Thanks Duane, I was not aware of that (or if I was, I have forgotten!)
That seems to say that if person A is already a member of one group (and therefore has an account) then person B (a baddie) can, by spoofing the sending address, subscribe person A to arbitrary numbers of other groups.
That would be a seriously worrying security flaw.
This was an address never before presented to groups.io - two emails were received but not as you describe. One was the group welcome message (implying the membership process was complete) and the second was a dual function message:
Subject: Confirm your join-ken-eng@... email address
Body (my italics and links stripped):
Thank you for your interest in the https://KENT-ENG.groups.io/g/all-Kent group at Groups.io. If you did not request or do not want to join all-Kent@KENT-ENG.groups.io, please ignore this message.
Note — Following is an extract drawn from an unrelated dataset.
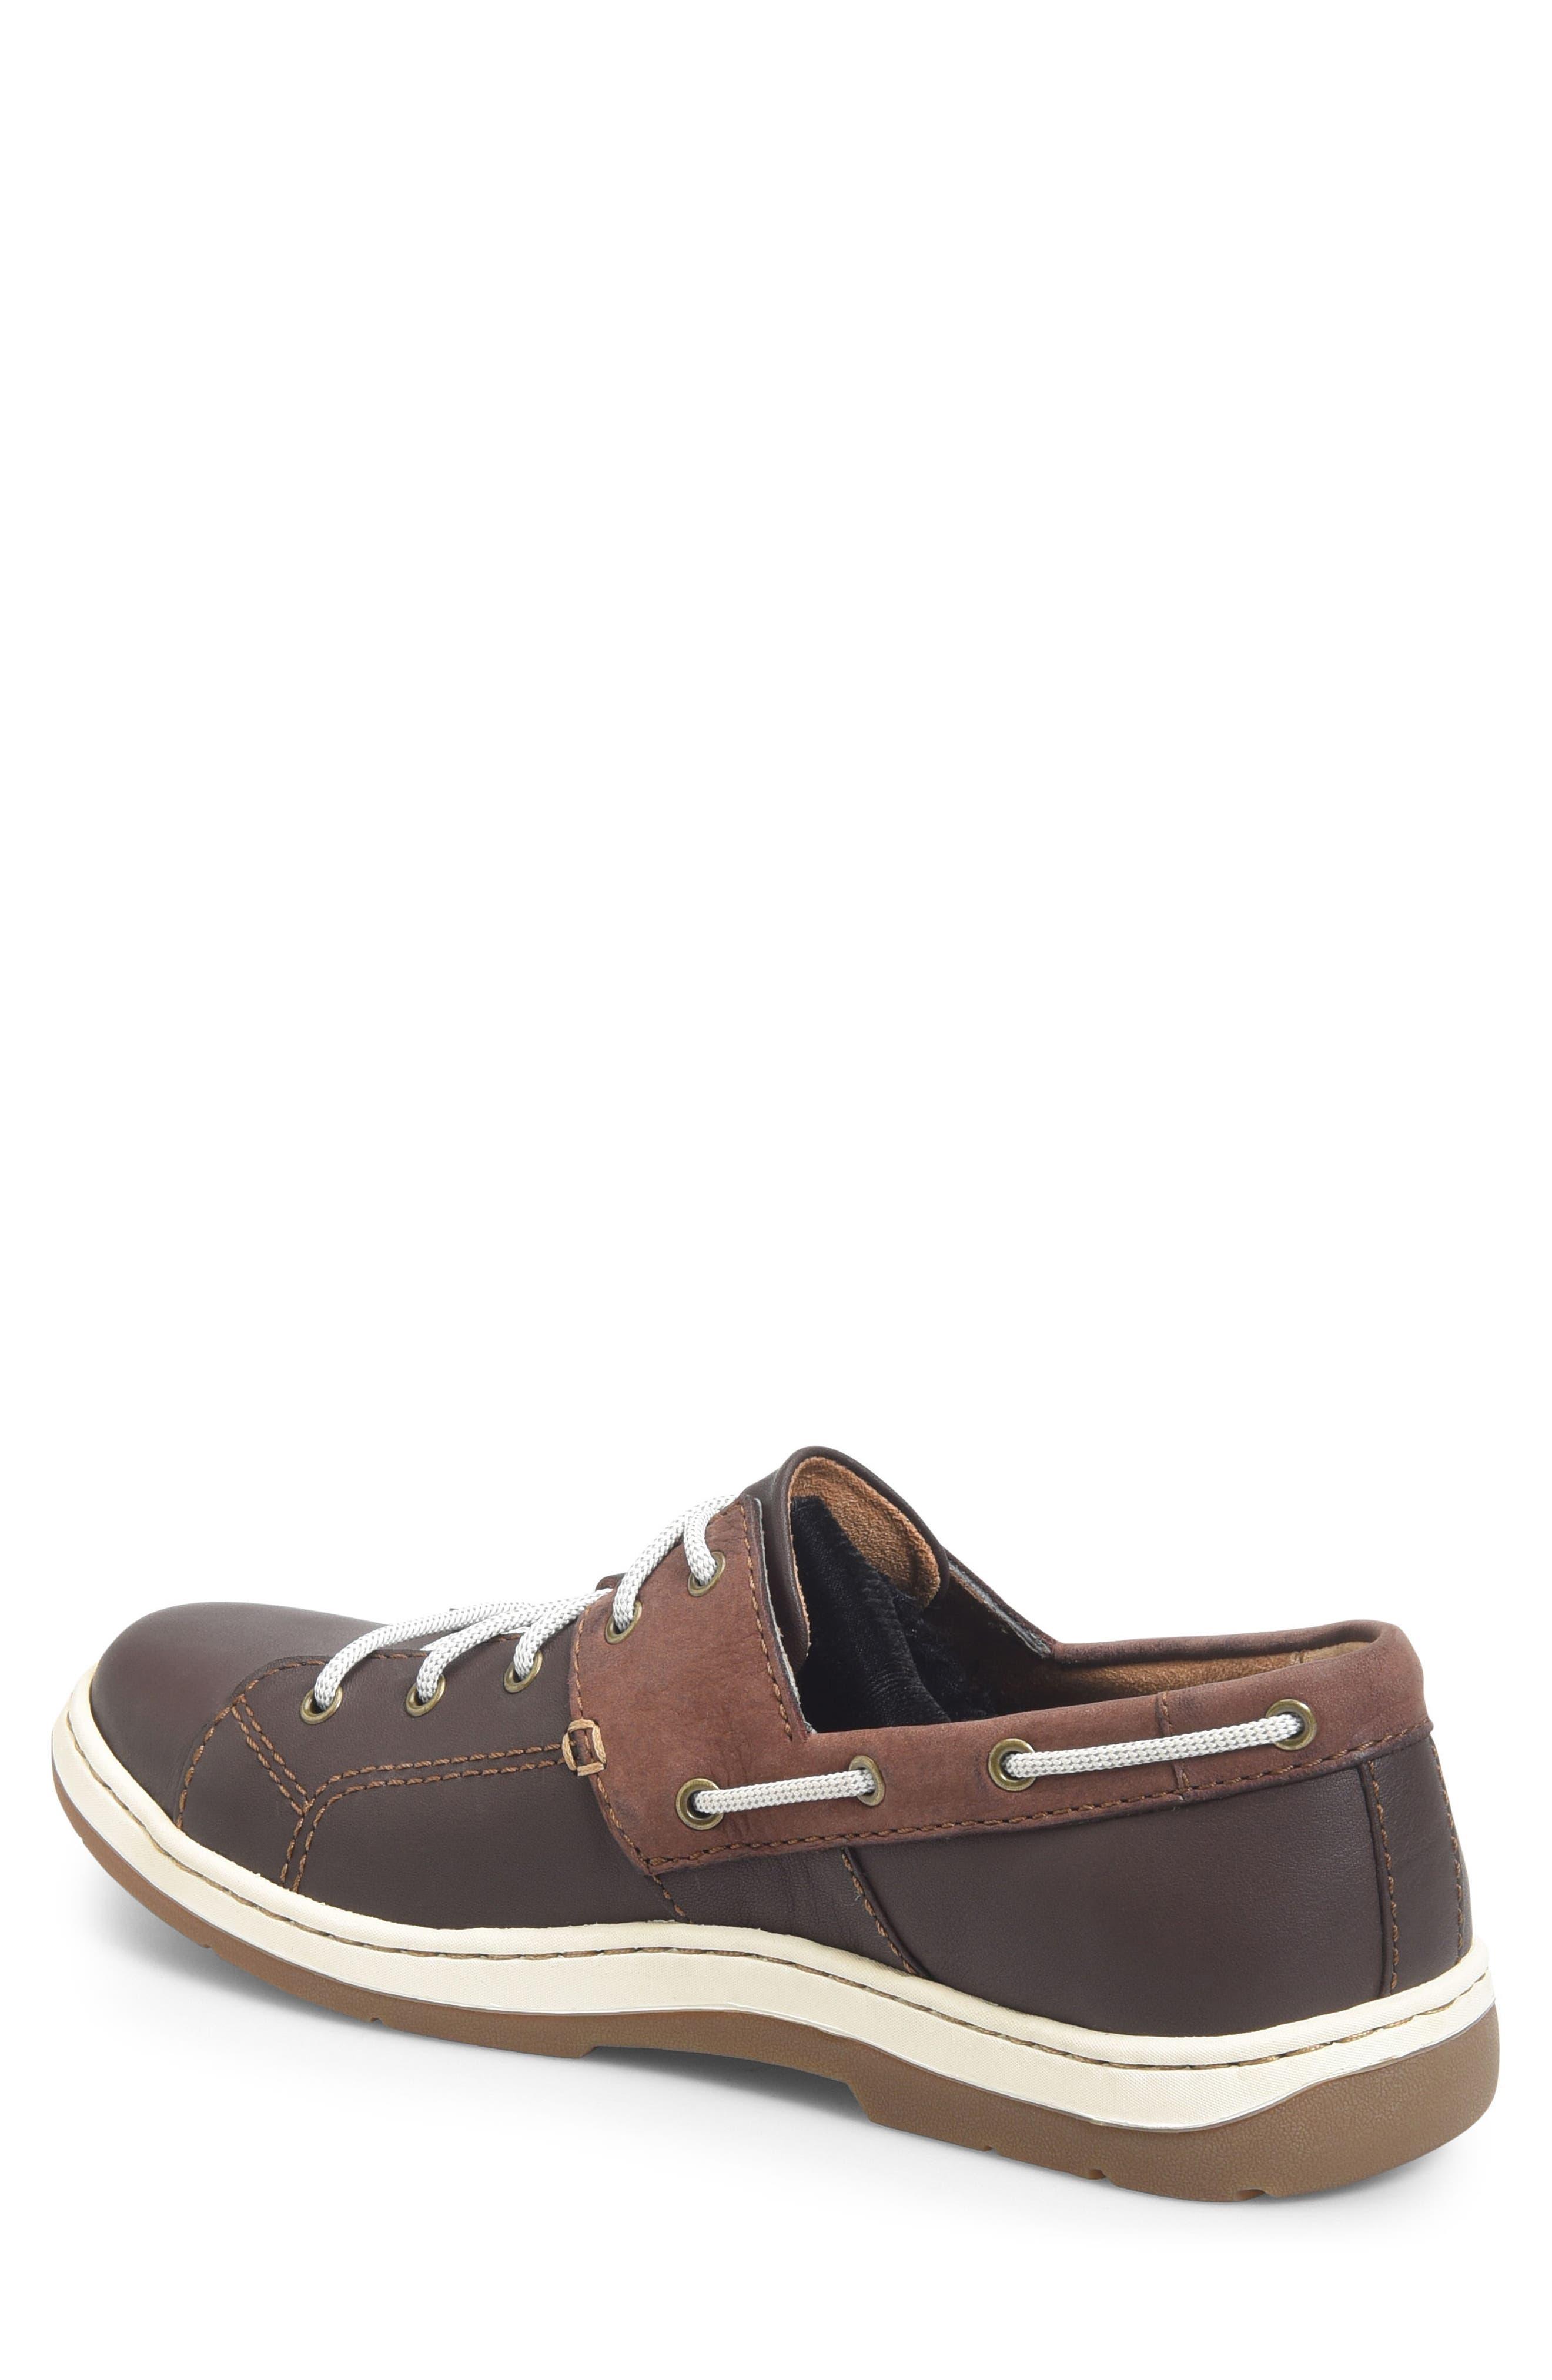 Marius Boat Shoe Sneaker,                             Alternate thumbnail 2, color,                             205

If you only want to send and receive messages from all-Kent@KENT-ENG.groups.io, reply to this email to confirm your email address and activate your membership.
Messages will be sent to you at join-ken-eng@...
Send messages to all-Kent@KENT-ENG.groups.io
If you want to use the resources and read messages on the website, please click on the link below to confirm your email address, set up a password, and choose other subscription settings:
The Groups.io Team
If it still represents the actuality then it would be interesting to see. My report concerned an unrestricted group BTW.